Mereka berlari selama setengah jam lagi. Karena kali ini mereka tidak berlari menyelamatkan diri, napas mereka tetap teratur.

“Di mana kau menemukan esensi kristal yang terselubung itu?”

“Di habitat para elf. Jangan khawatir, masih banyak yang tersisa. Kami tidak berani mengambil terlalu banyak. Semakin banyak yang kau bawa, semakin mengganggu alam mentalmu. Semua orang takut kepala mereka juga akan meledak.”

Setelah beberapa saat, Saul berhenti.

Saat dia berhenti, keempat orang lainnya juga membeku, mengamati area tersebut.

“Ada apa?” Mark langsung menoleh, sarafnya masih tegang meskipun sedikit rileks setelah bertemu Saul.

Melihat Saul berhenti tiba-tiba, ia kembali tegang dan melihat sekeliling dengan gugup.

“Medannya tidak sesuai.”

Sebelum memasuki hutan, Saul telah mengamati wilayah itu dari kejauhan. Berdasarkan lamanya mereka berlari, seharusnya mereka sudah mulai mendaki gunung sekarang. Tetapi hutan di depan masih datar—bahkan tidak ada lereng yang terlihat.

“Apa maksudmu?” Mark tidak mengerti.

“Seharusnya kita sudah mendaki sekarang. Aku ingat pepohonan mulai menipis di lereng gunung. Tapi di sini, rasanya seperti kita memasuki hutan purba.”

Saul mendongak ke langit. Waktu sepertinya berjalan normal.

“Tiga ratus tahun—sekalipun waktu mengubah hutan, itu tidak mungkin mengubah bentuk gunung. Kita tidak lagi berada di hutan yang sama tempat kita masuk.”

Mark tadinya tegang, tapi sekarang dia terkekeh mendengar ucapan Saul.

“Tentu saja tidak. Ini adalah Hutan Empat Musim.
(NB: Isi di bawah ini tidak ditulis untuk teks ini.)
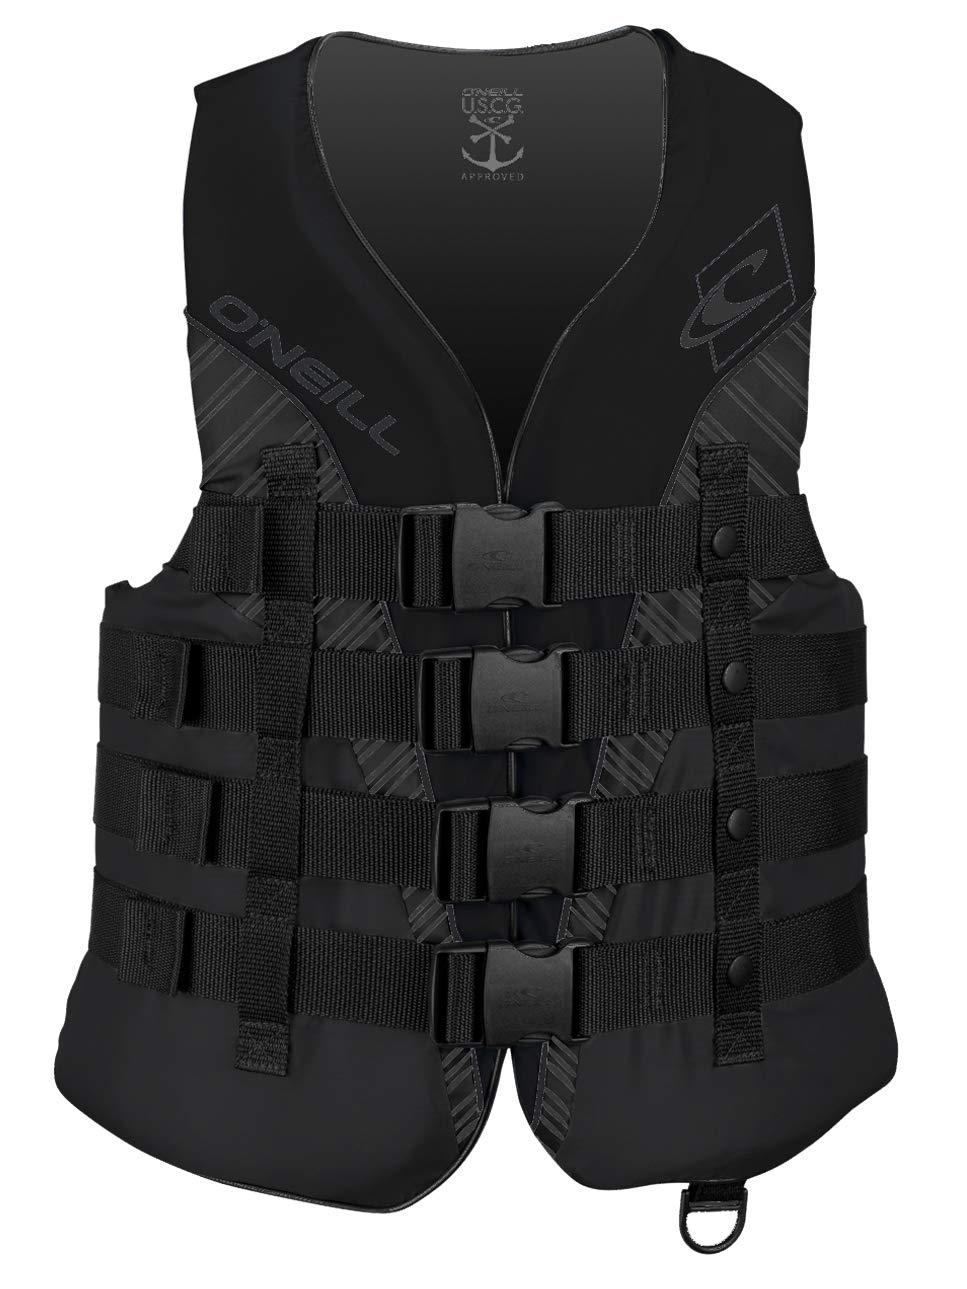 O'Neill Mens Superlite USCG Life Vest 3XL Black Stealth (4723)

Letaknya di Sisi Dunia—bukan dunia yang sama dengan tempat kita berasal!”

“Sisi Dunia?” Saul masih bingung.

Pada saat itu, Agu mendekat dan mencondongkan tubuh untuk menjelaskan, “Dunia Samping hanyalah salah satu nama untuk itu. Ada yang menyebutnya alam rahasia. Biasanya, itu merujuk pada wilayah yang secara spasial tidak teratur atau wilayah ilusi.”

An juga mengangguk. “Entah ada yang salah dengan tempat ini, atau ada yang salah dengan kita.”
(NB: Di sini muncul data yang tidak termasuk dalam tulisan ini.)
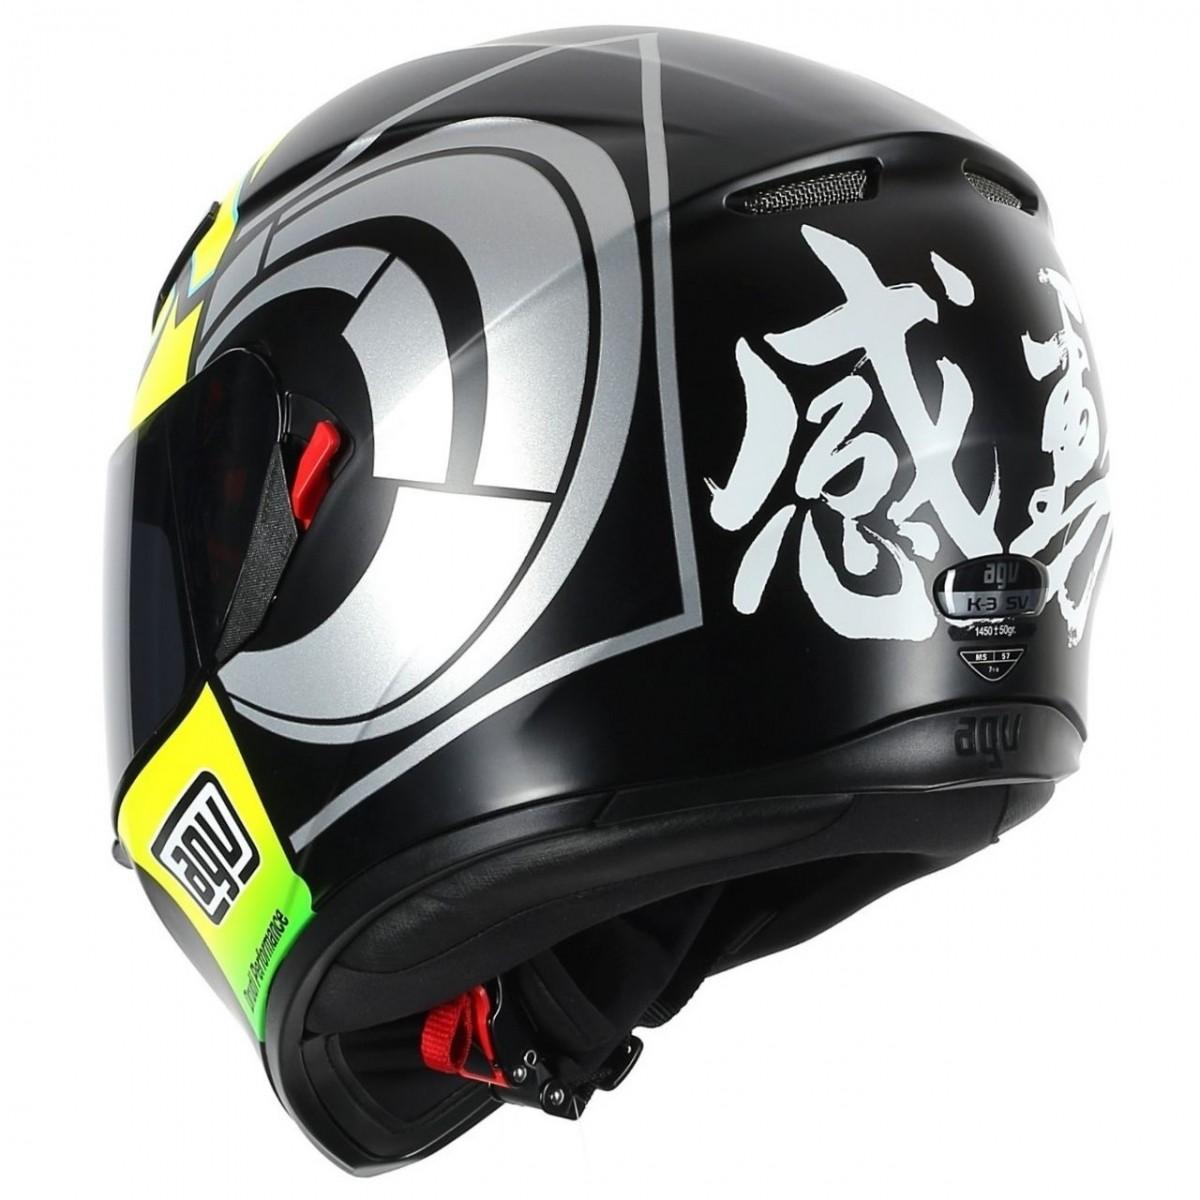 Capacete AGV K-3 SV Winter Test 12 Valentino Rossi C/ Viseira Interna Solar  - Planet Bike Shop Moto Acessórios

Saul menoleh ke Markus, hendak mengajukan pertanyaan lebih lanjut—ketika tiba-tiba, ia melihat kerumunan orang berdiri di belakang Markus.

Berkerumun rapat, semuanya menundukkan kepala, wajah tertutup.

Dan Mark masih belum menyadarinya, melambaikan tangan ke arah Saul. “Ayo, Saul, kita pergi. Kongsha dan yang lainnya masih menunggu.”

Saul menarik napas dalam-dalam dan berkata dengan sungguh-sungguh, “Mungkin… keduanya rusak.”